Colombia has 11,057 Scouts served by the Asociación Scouts de Colombia. Founded in 1917, it was accepted into the World Organization of the Scout Movement in 1933. The movement is coeducational, accepting both boys and girls.

Scouting first appeared in Colombia in 1913, introduced by Miguel Jimenez, who was living in England at the time. He returned to Colombia and brought Scouting back with him.

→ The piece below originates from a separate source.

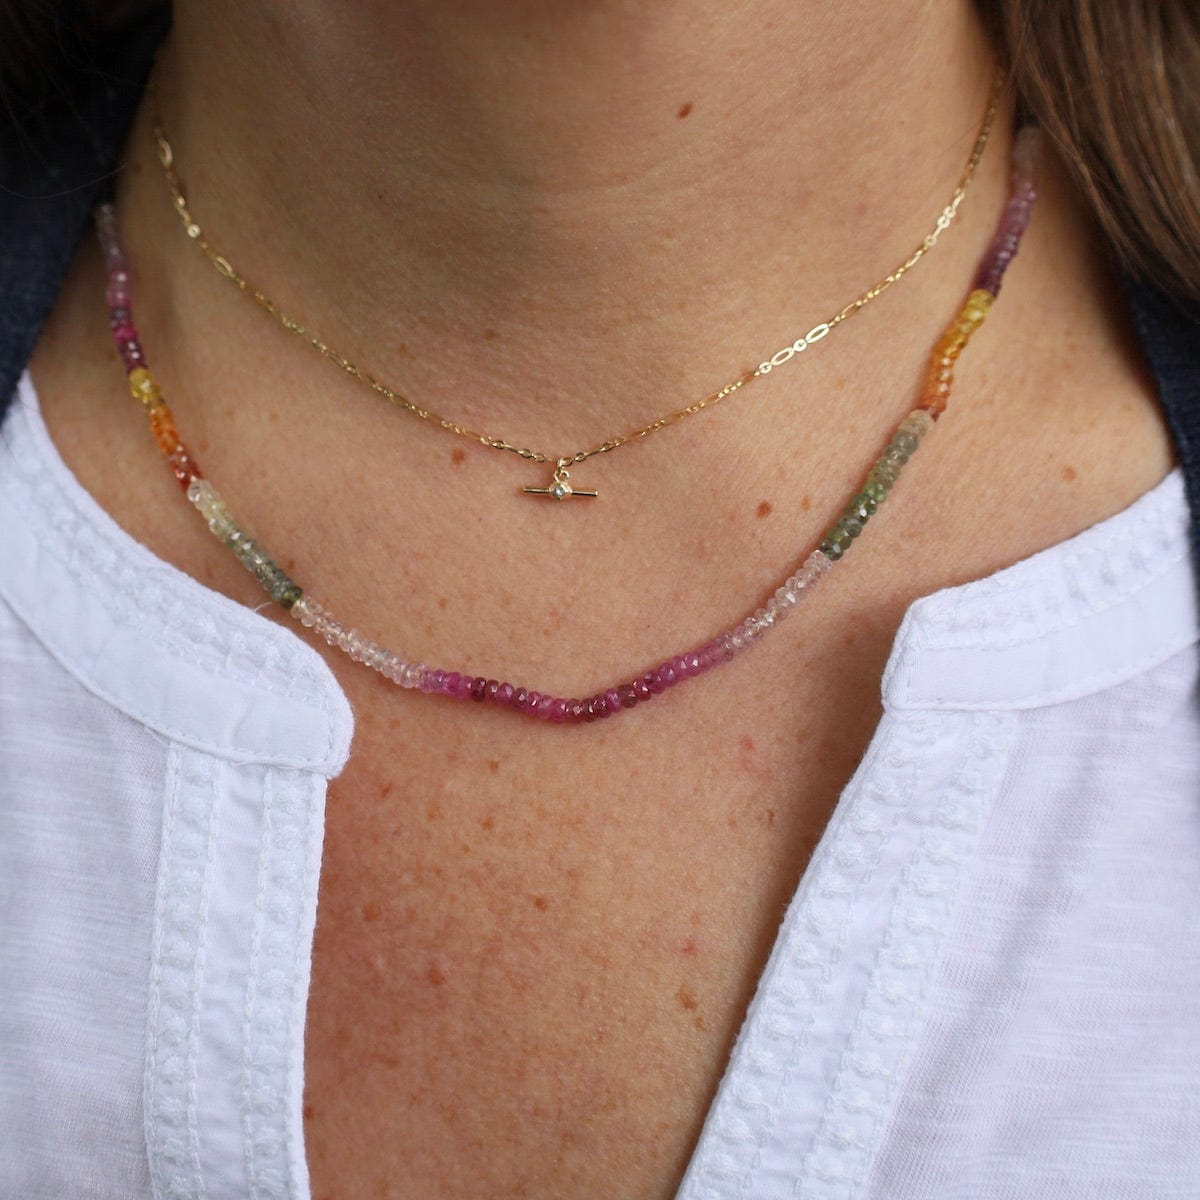 Short T-bar necklace with gold chain
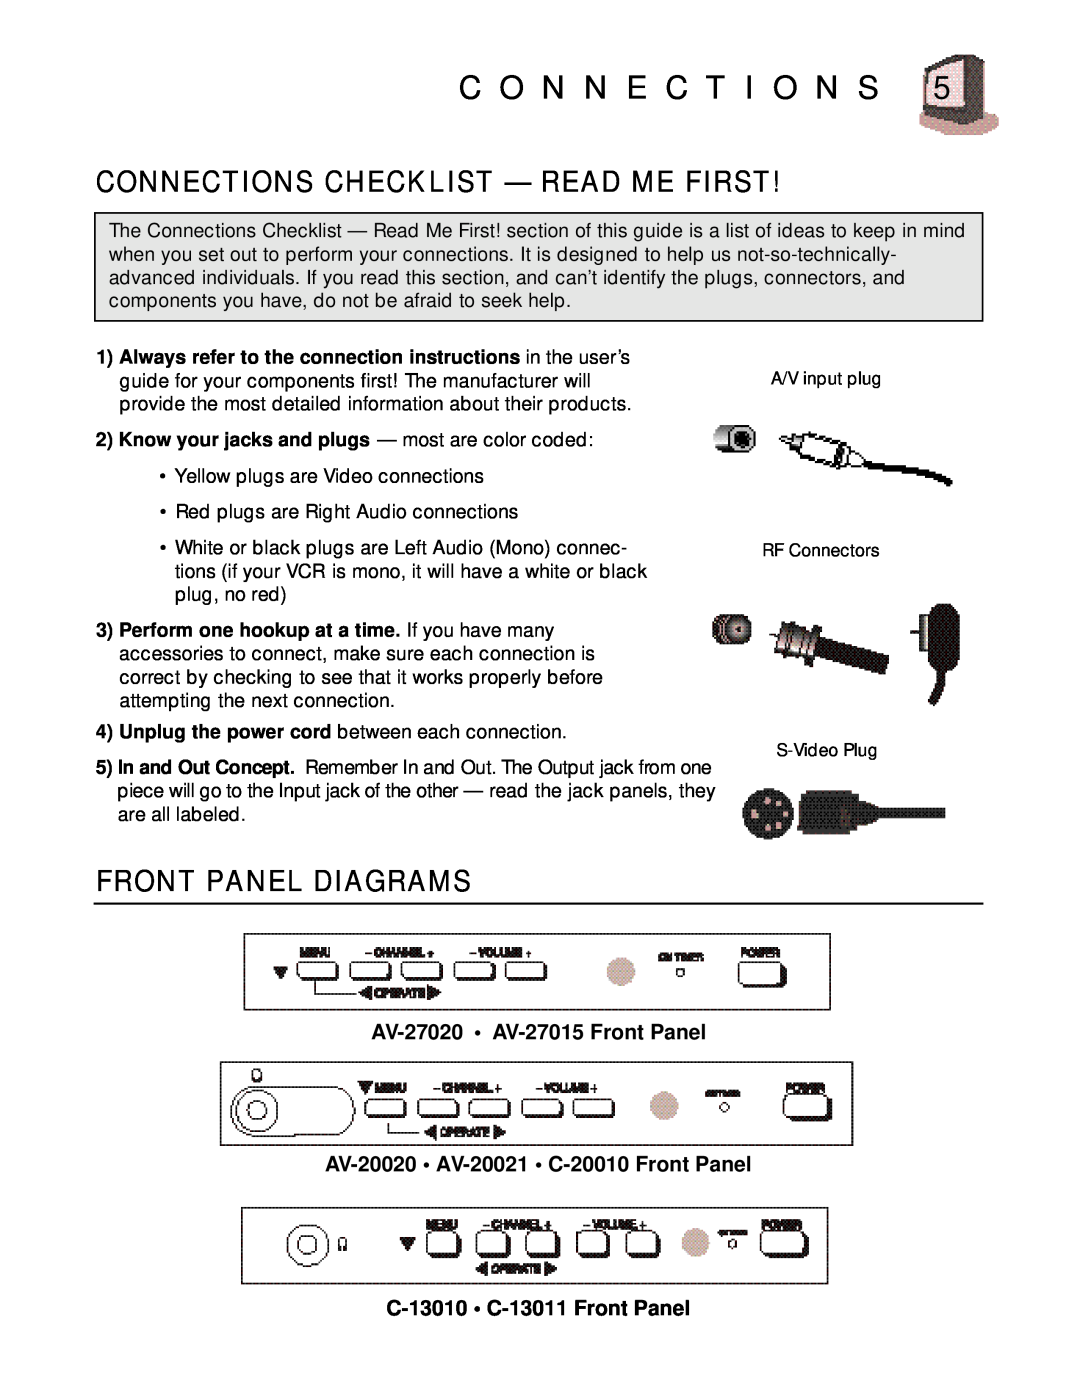 JVC AV-20021, C 13011, C-20010, C-13010 C O N N E C T I O N S, Connections Checklist - Read Me First, Front Panel Diagrams

Outdoor activities and community service are important parts of the Scout program in Colombia. Scouts participate in national festivals and holidays. They help in sports events, disaster relief and first aid situations. There is also a strong emphasis on conservation and ecology.

Program and ideals
 Manada (Lobatos) - ages 6 to 11
 Tropa (Scouts) - ages 11 to 15
 Comuidad (Caminantes) - ages 15 to 18
 Clan (Rover Scouts) - ages 18 to 25

All sections are coeducational.

The Scout Motto is Siempre Listo, Always Prepared.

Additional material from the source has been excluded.